Decker was a little confused, but only slightly affected by the drugs Lizzy had obviously slipped into the second bottle. He grabbed for the glittering watch, yanking it out of her hand as she reached into the back of her coverall, drawing out a wicked-looking diver's knife."You tried to drug us. Why?"
"Give me the case you got from the shipwreck and I won't have to hurt anybody."
"Wha-how did you-huh?"
"The case, dip-shit! Give it to me and I won't have to show you your guts!" She brandished the knife at him and he stepped back. A quick glance showed him that Decker (Decker?) was laying on the deck with his arm draped around Coxli. Both seemed quite inert. He slid between Lizzy and them, trying to put his brain back in gear.
"I-I can't do that. I-"
"Then DIE!" She lunged at him, bringing the knife across in a wicked arc intended to disembowel him. He danced to the side, narrowly avoiding Coxli's head, and the knife barely grazed his elbow. He saw her look down at the two unconscious forms; saw her instantly changing her plans. She thrust the knife straight toward his eyes, then attempted a leg sweep on him. Somehow, he anticipated her intent and slipped a straight right under her guard, landing a fairly solid punch in the center of her chest.
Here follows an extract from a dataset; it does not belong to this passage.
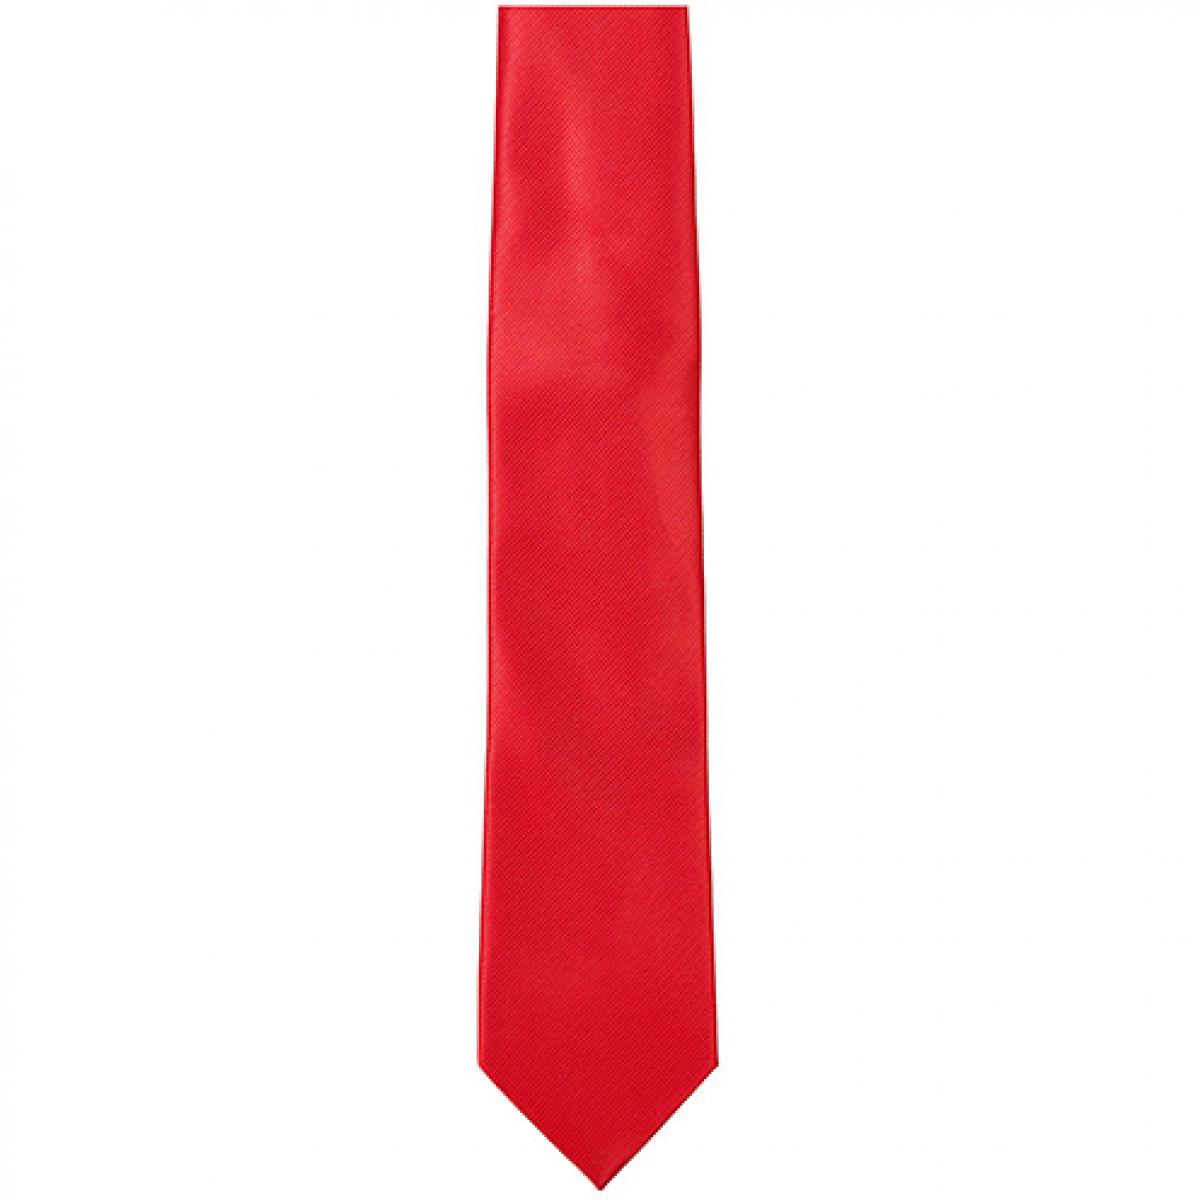 Hersteller: TYTO Herstellernummer: TT902 Artikelbezeichnung: Twill Tie / 144 x 8,5cm Farbe: Red

A scream of frustration tore at his ears as she nearly fell backward, barely recovering as her butt hit the rail.
He had the initiative, but there were two minds trying to motivate his body now. He lurched toward her, the Decker personality going for her knife wrist, the Degren mind intent on crushing her face with a fist. The result was a blow that struck her forearm feebly, almost causing her to drop the knife.
She saw his distress, and a victorious grin lit her face. "You should have just gone to sleep, fur-boy. Now I'm going to make you hurt." As he backed up, confused, twitching with conflicting impulses, she raised the knife for him to see. "Pretty knife. Shiny knife. My little razor sharp tooth is going to tear you in a hundred places, Fido." Lightning-quick, she lashed out and gashed his brow, and the blood trickled immediately into his eye, painting his vision red. The two minds struggled against each other for dominance, and she edged in closer, triumph plain in her eyes. She feinted at his face again, then slashed his bicep, opening up a long slice that felt like it grazed muscle.
The Decker-mind fought to take control, but their wills were too evenly matched. Realizing this, he sought the drug-laden part of their mind and tried to dive into the narcosis. At first, the immediacy of that bright blade wouldn't let him stop struggling; she got three more nasty gashes in before he was able to close his mind's eye and submit.
Degren, in full command, leaped out of the path of a blow that was intended for his heart. Catlike, he brought down an overhand chop to her wrist, dislodging the knife and bringing out another frustrated scream. She dove for and grabbed the knife; he kicked her in the ribs, sending her flying into the starboard rail. Realizing she was defeated, she sliced the line holding the two boats, flipped a switch on the side of the motor, and gave one tug on the starter rope. It roared to life and she sped down the river as Degren stood gasping.
He found fabric to bind his wounds, stopping the bleeding just as the pretty colored fish swam up and over his head, taking him into a world of technicolor fantasia that he just could not ignore.